Multi-stage Dockerfile Build and copying Conda environment

Currently, I am building these images myself with some slight modifications. I build the following:
base-notebook
minimal-notebook
sci-py notebook
tensorflow notebook

I have been doing some experimenting with a multi-stage Docker build process, copying folders from 1 Docker image into the next. Let’s say I have the tensorflow Docker image built as desired. Is it possible to create a new Docker Image from a base Ubuntu image and copy the entire /opt/conda directory from the tensorflow notebook into this new image? Will it work? The reason I ask is because in experimenting, this saves over 1GB of image space. I understand this doesn’t address some things that I would have to resolve separately in the base-notebook and minimal-notebook builds (e.g. apt install).

Appreciate any thoughts.

1 Like

Take a look at github:joequant/bitquant bitstation to see what I’m doing.

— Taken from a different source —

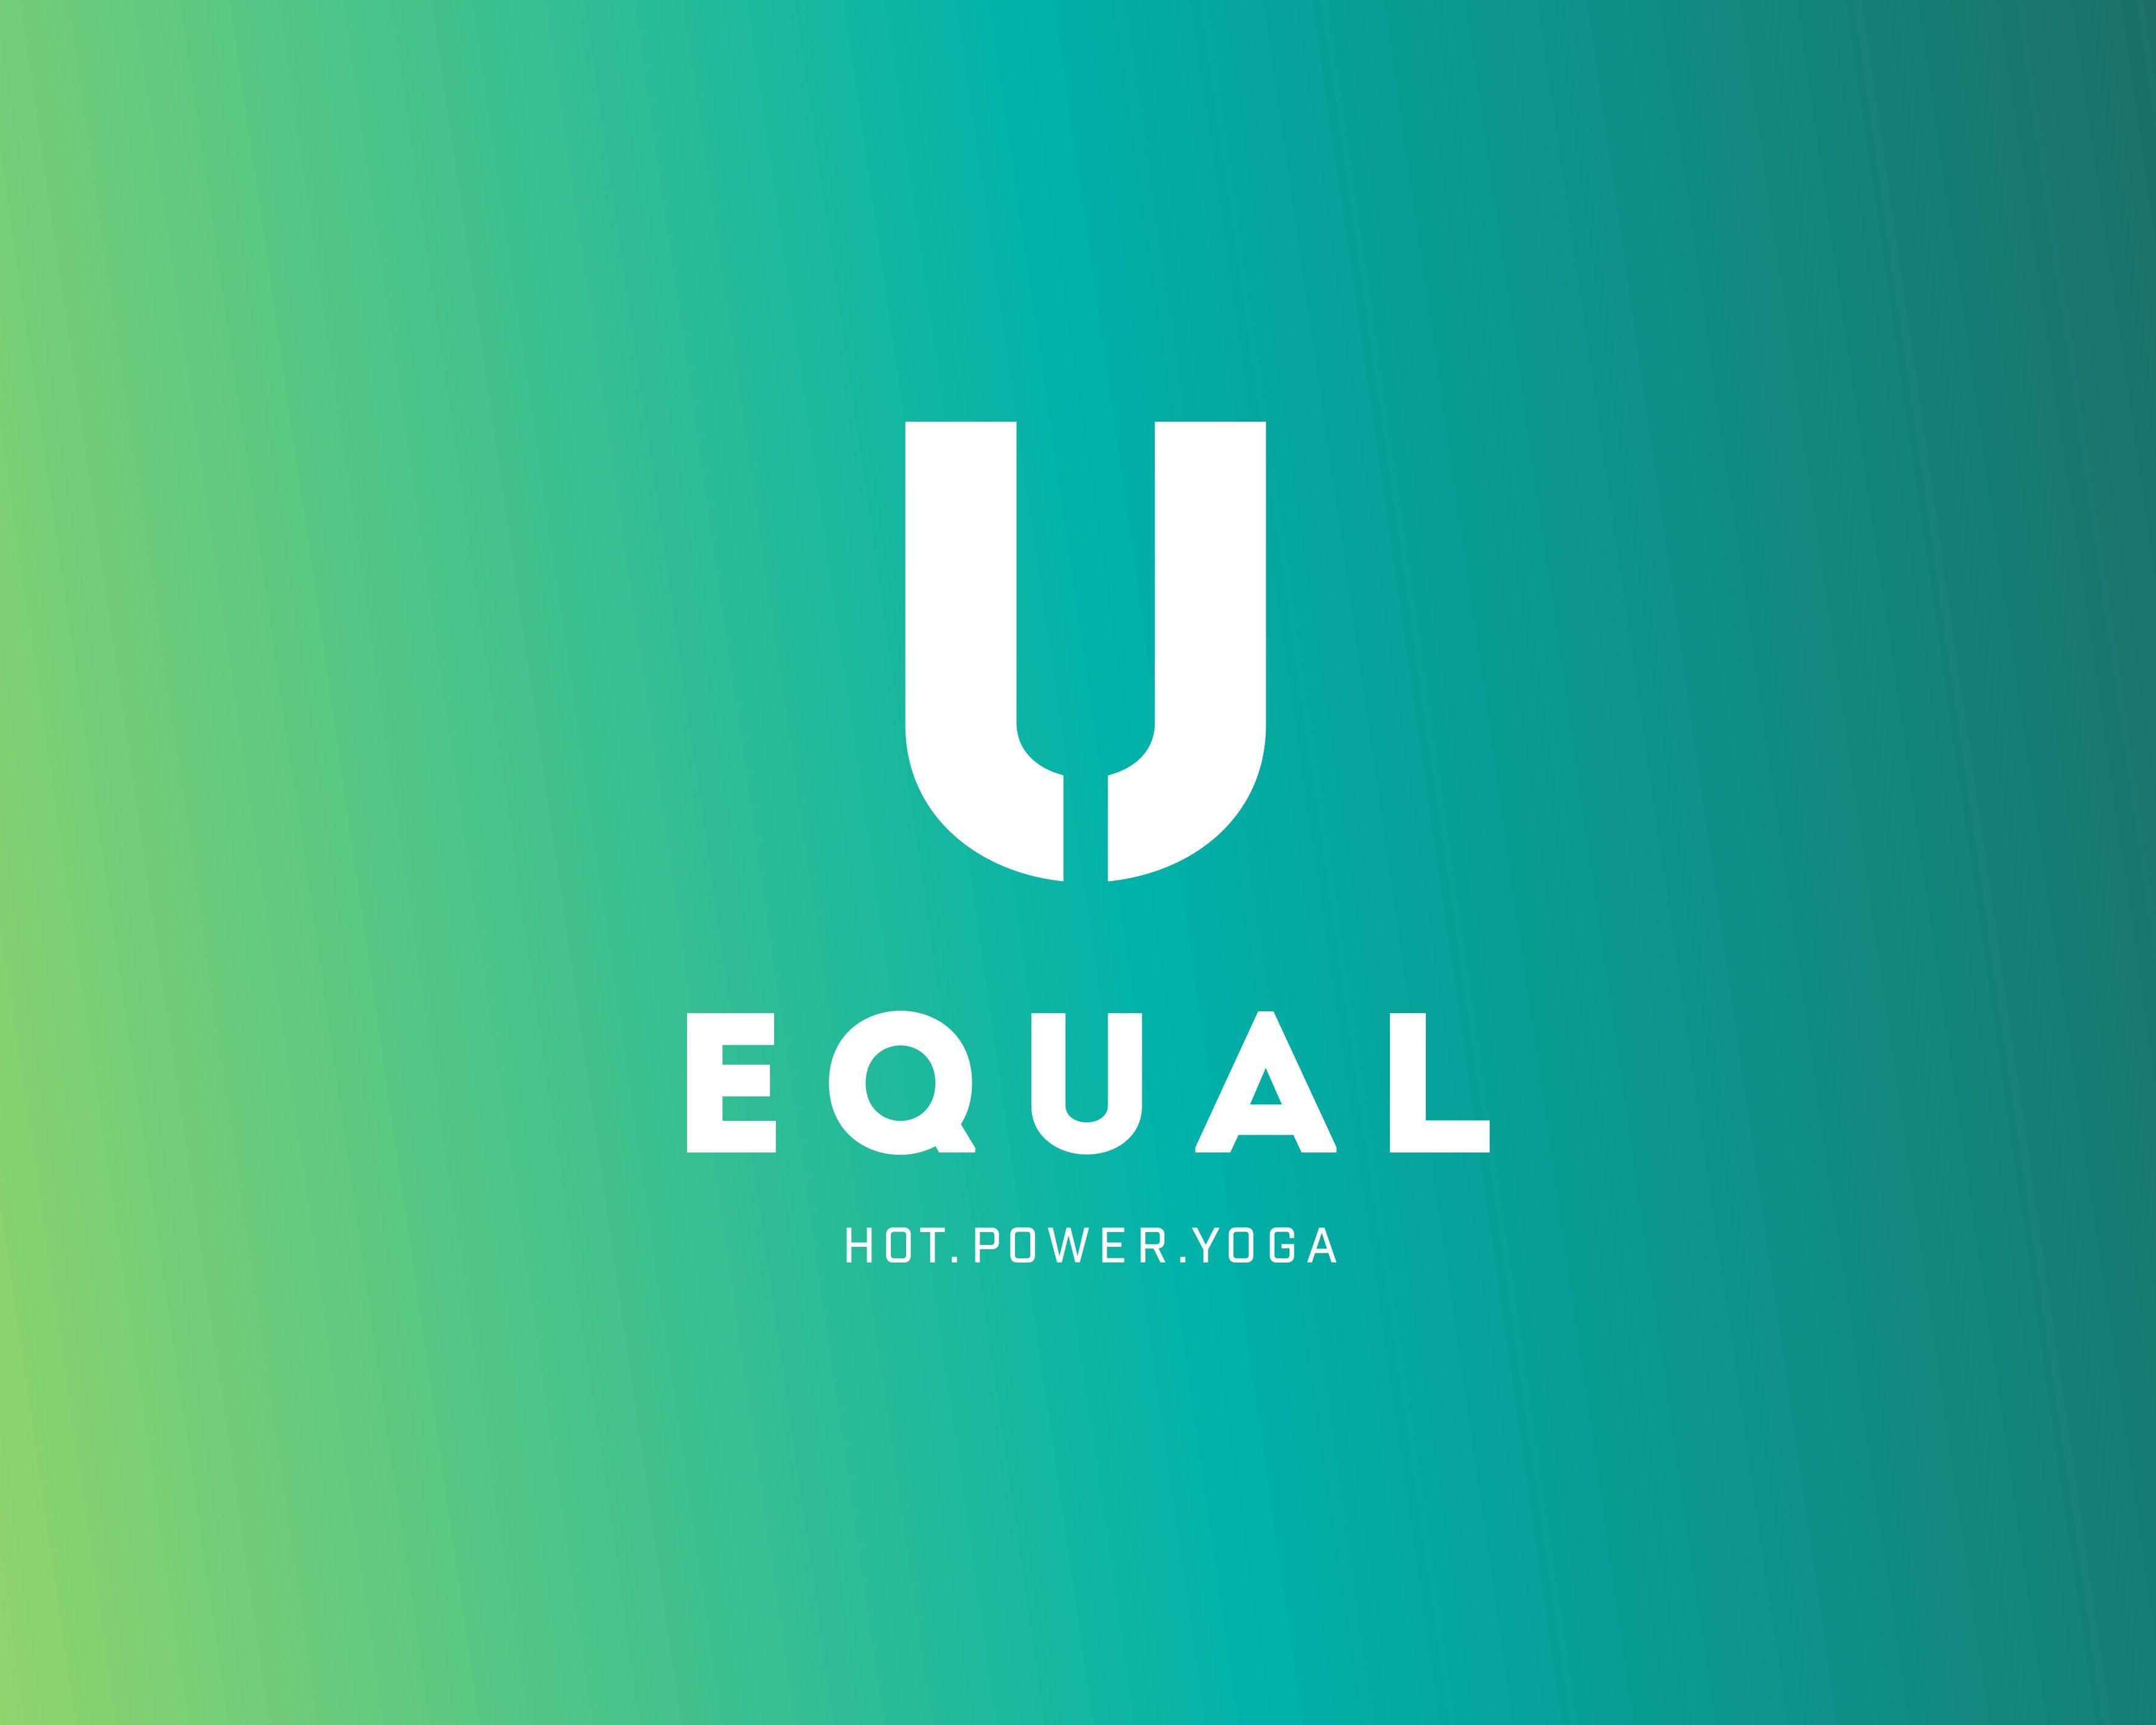 EQUAL - hot power yoga studio design by studio mokum and Kamiel van kessel

This can work, but there can be a lot of gotchas. The big gotcha is that a lot of times things will depend on file permissions, owners, and timestamps. What I’ve done that works is to build an image, and use docker exec to go into the image and look at the log files when something goes wrong. Also pay attention to error messages.

Once you realize that the broken issues are due to permissions, owners, and timestamps, it becomes possible to track down these issues. Also I use pip instead of conda to install things at the system level, and bypass virtual environments. Conda is useful when you are a user setting up a system in multiuser platform, but when you are creating a docker image, you are the God-Emperor of the container, so you an just put everything at the system level.

Also you might want to look at the buildah toolchain. Buildah runs the container build external to the container, which means that you can pull in system tools.

One final thing is that if you are running a long container build, you might take a look at some “tricks” that I have. For example, I make heavy use of ipyparallel to parallelize the container build and also use a lot of network/compile caching.

1 Like